Let me be clear: Bob Barr and Scott Henry were correct in their characterization of the teacher and administrators involved in this incident as stupid. They also maligned her, invaded her privacy and, in all probability, subjected the school district to potential civil damages for a form of false arrest.
But none of the above is nearly as important as the school district's UNCONSTITUTIONAL effort to suppress free, private expression (aka thought). The Constitution does not give Rachel Boim the "right to free speech." She has that right because it forbids all legislatures (through the "due process" clause of the 14th Amendment) to pass any law ("no law") that would empower the agents of the state to abridge her speech or her writing.

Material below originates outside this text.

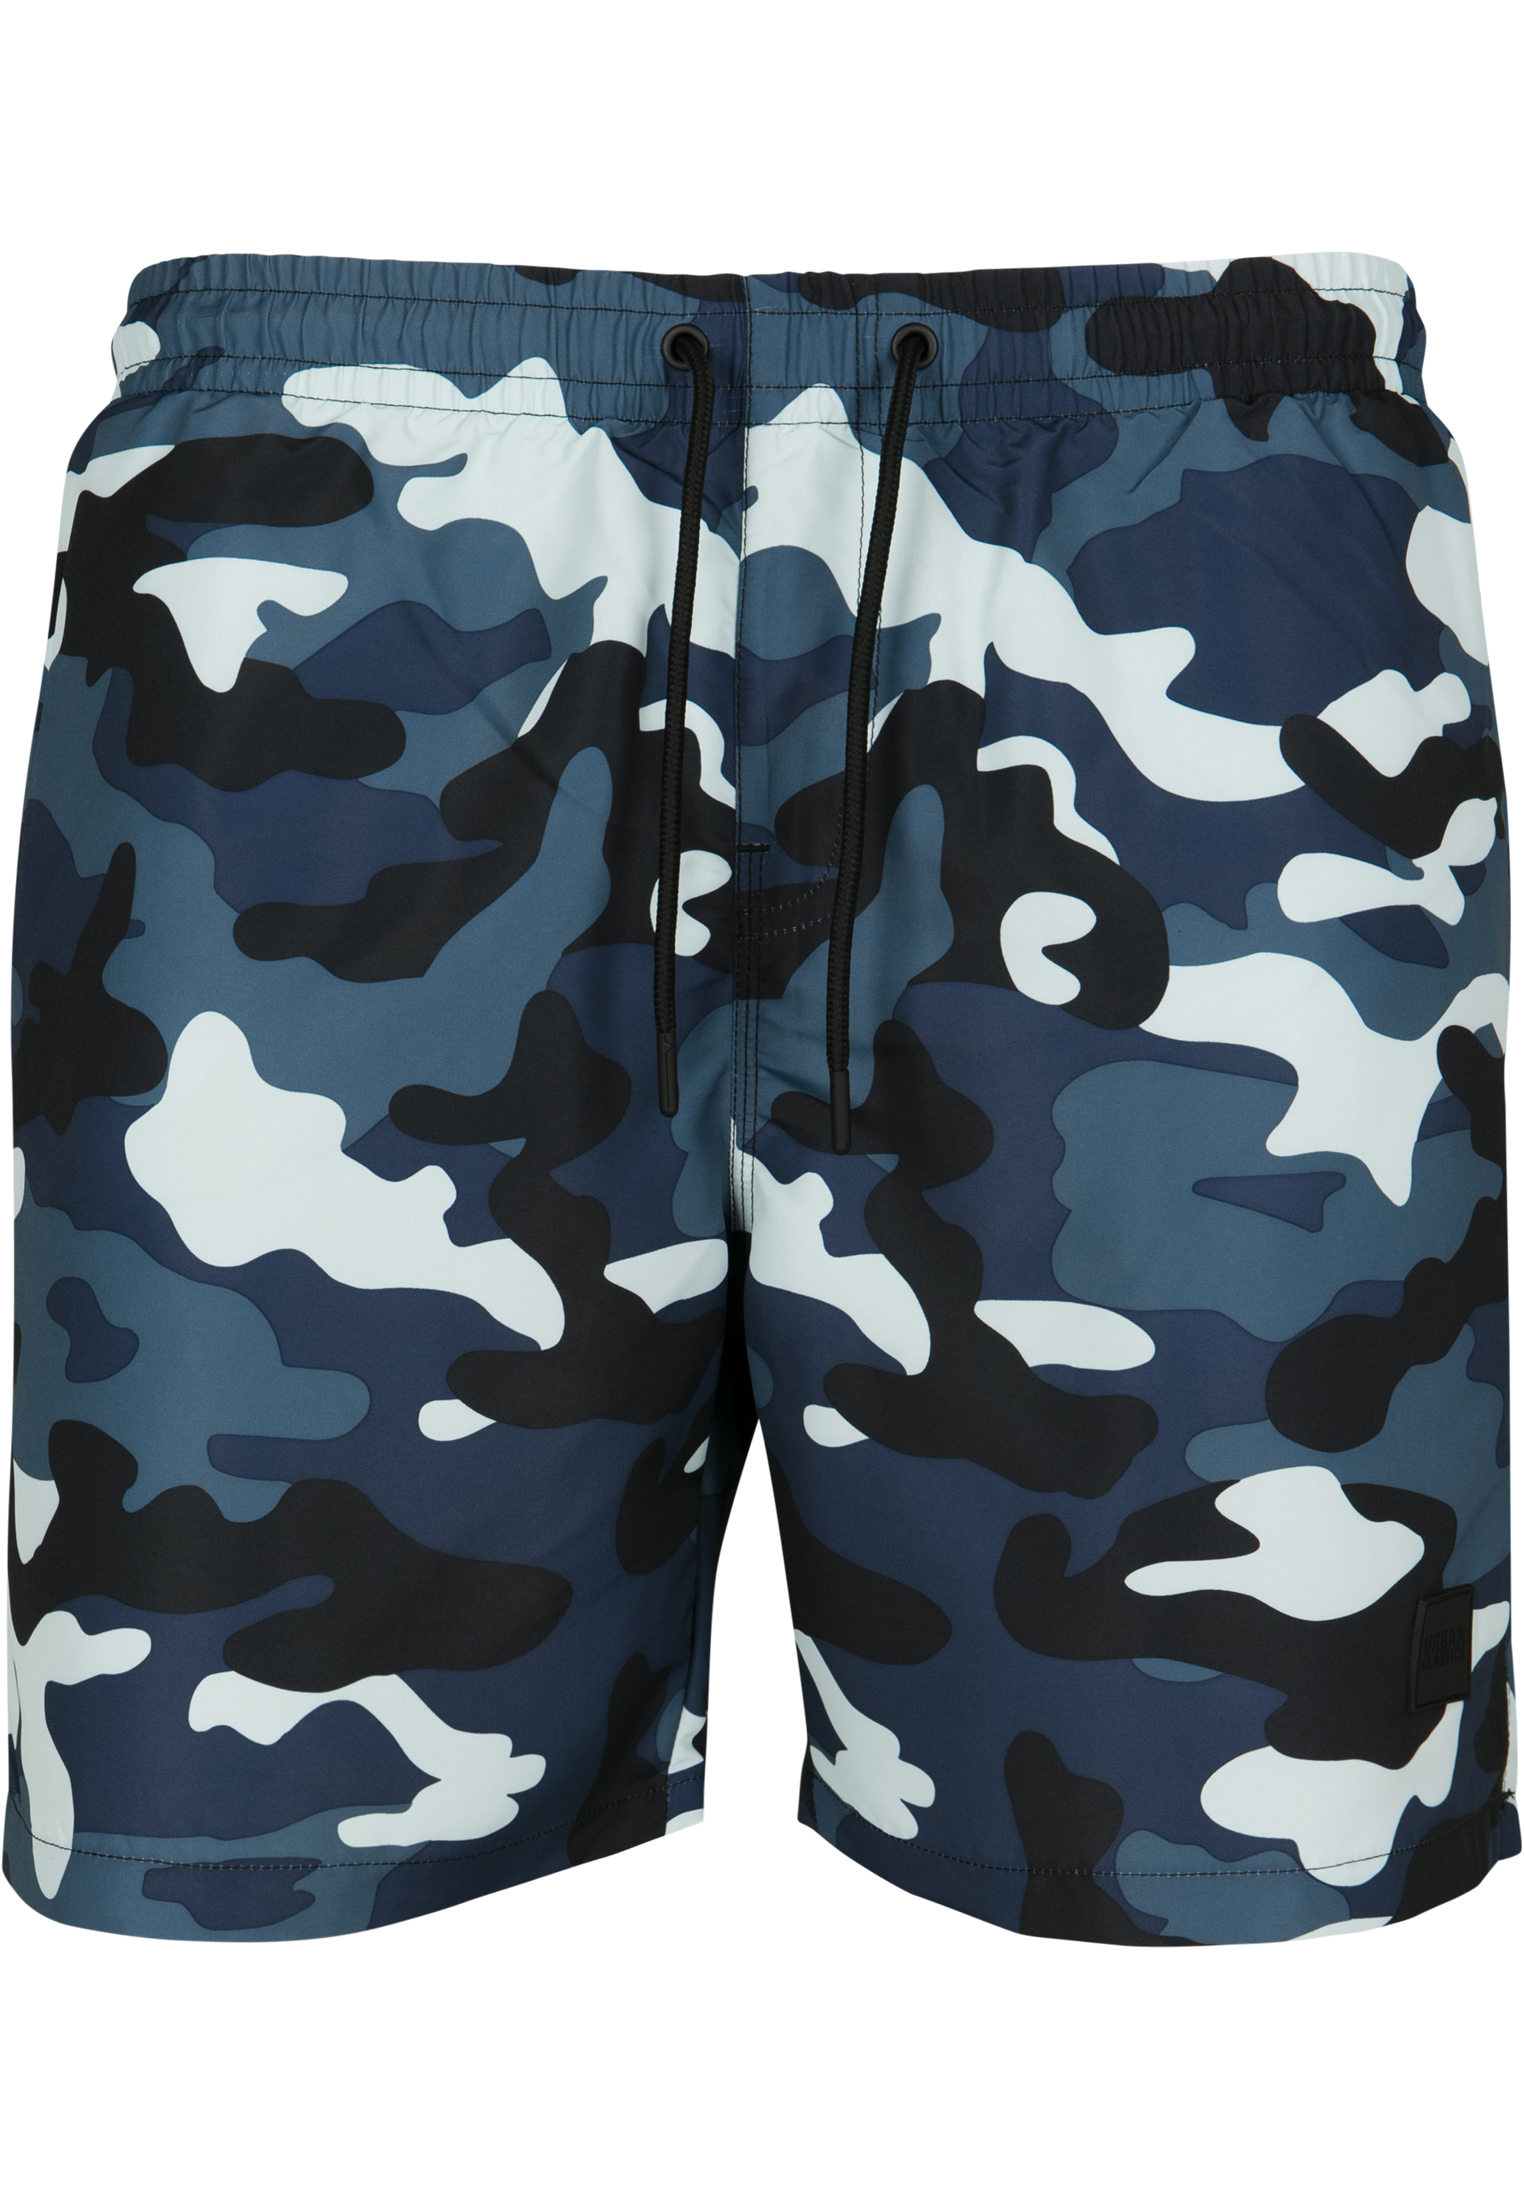 Plus Size Camo Swim Shorts in Farbe blue camo

This does not give her the right to speak anywhere she wants, or to demand that her work be published wherever she chooses. But it does give her the unfettered right to be free from any "state" interference as to what she writes in a medium that she owns and controls (her journal). She was expelled because of what her teacher read in her journal (the content). Not time. Not place. Not manner. CONTENT!
Permit me to quote Justice Fortas from Tinker v. Des Moines Independent Community School District (1969), the controlling decision on issues concerning the content of student expression: "First Amendment rights, applied in light of the special characteristics of the school environment, are available to teachers and students ... [In] our system, undifferentiated fear or apprehension of disturbance is not enough to overcome the right to freedom of expression."

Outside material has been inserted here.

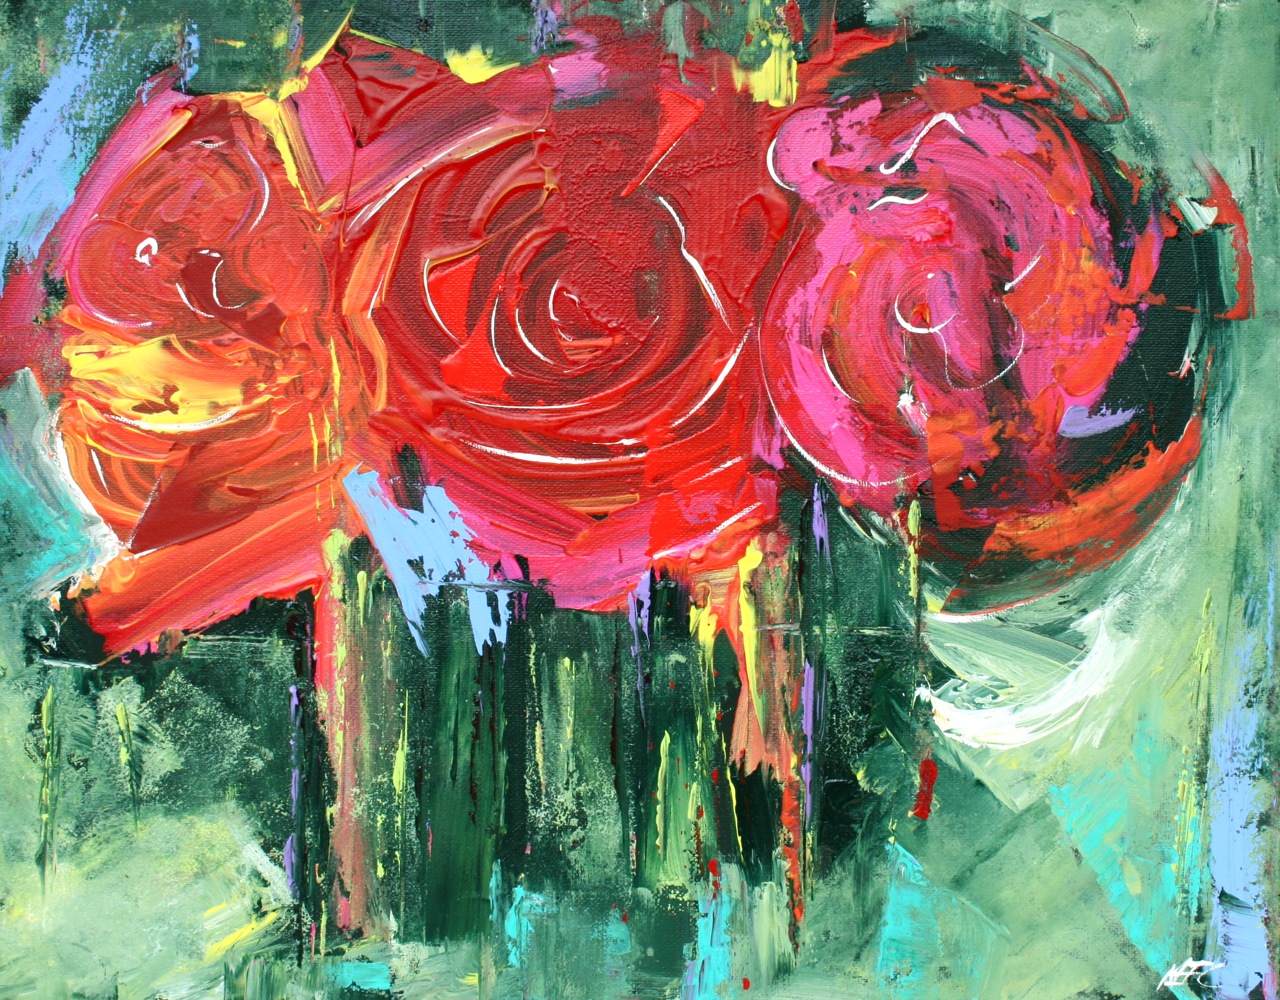 Картины и их цвета. Роза экспрессионизм. Джон Беркли художник абстракционист. Абстрактный экспрессионизм цветы. Модерн арт Modern Art роза.

It is unfortunate that neither a former federal prosecutor nor any representatives of the press -- including the AJC -- has thought to raise Tinker in this context. May I suggest that the correct response to any government's efforts to suppress thought should be zero tolerance.
Oh, by the way, perhaps Barr should raise the issue of armed "resource officers" at the next meeting of the NRA. He might remind the Georgia Legislature that the Second Amendment has never been incorporated into the 14th. Oh, silly me.
-- Stan Risdon, Atlanta
Not reaction, but inaction
The single biggest fraud perpetrated on the public in regard to the Roswell High student who was expelled over her diary, is that there is a "zero tolerance" policy. Think about it. If there really were a "zero tolerance" policy, would each of the major metro school systems have literally tens of thousands of discipline referrals each year? Of course not. Georgia's students may be dead last in SAT scores, but they've obviously mastered the physics of discipline policies in the public schools: For every disruptive "action," there is an equal and spineless "inaction" when it comes to consequences.

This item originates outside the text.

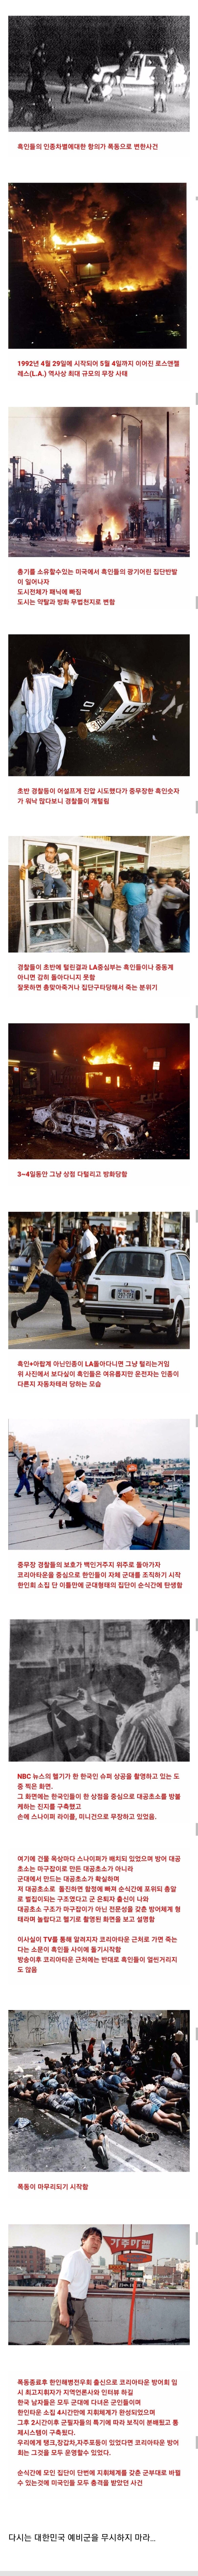 1992년 LA폭동 당시 한국인의 반응.jpg

Thus, we get treated to periodic spectacles (Remember the Tweety Bird chain?) from feeble-minded educrats desperate to create the facade of "everything's under control." If Gov. Perdue really wants to restore "hope" to Georgia's schools, he needs to make support for discipline his No. 1 priority. I hate to put it all on him, but obviously, too many Georgia school officials are taking advantage of the "free lobotomy with purchase of lottery ticket" promotion.
-- Andrew Manning, Decatur
Into the light
I just read "The boys from Kennebunkport" (Fishwrapper, Oct. 30) and "The Nazis in Dubya's closet" (Fishwrapper, Oct. 2). I have to say it explains a lot. Throughout 9-11 and the war, I've wondered why our beloved president has turned this country into a police state. Now I know. I don't voice my opinion on the war because everyone around me doesn't see what I do in regard to this war being about money and oil. It has nothing to do with weapons; it's all about control.
I just want to say thank you for shining the light on something so important to our country.
-- Chaka Leavell, Riverdale
Fight the fight
John Sugg: I am amazed every time I read one of your editorials to see that you are one of the few people out there telling us the truth about what's happening to the rights of citizens in this country -- and still, nobody listens to you (News & Views, Fishwrapper). How can Americans be so naive or so blind as to not see what the Bush regime is trying to do to this country? We've weathered Nixon, Reagan, Bush the First, and now this one. How much more can we stand before we do something about it?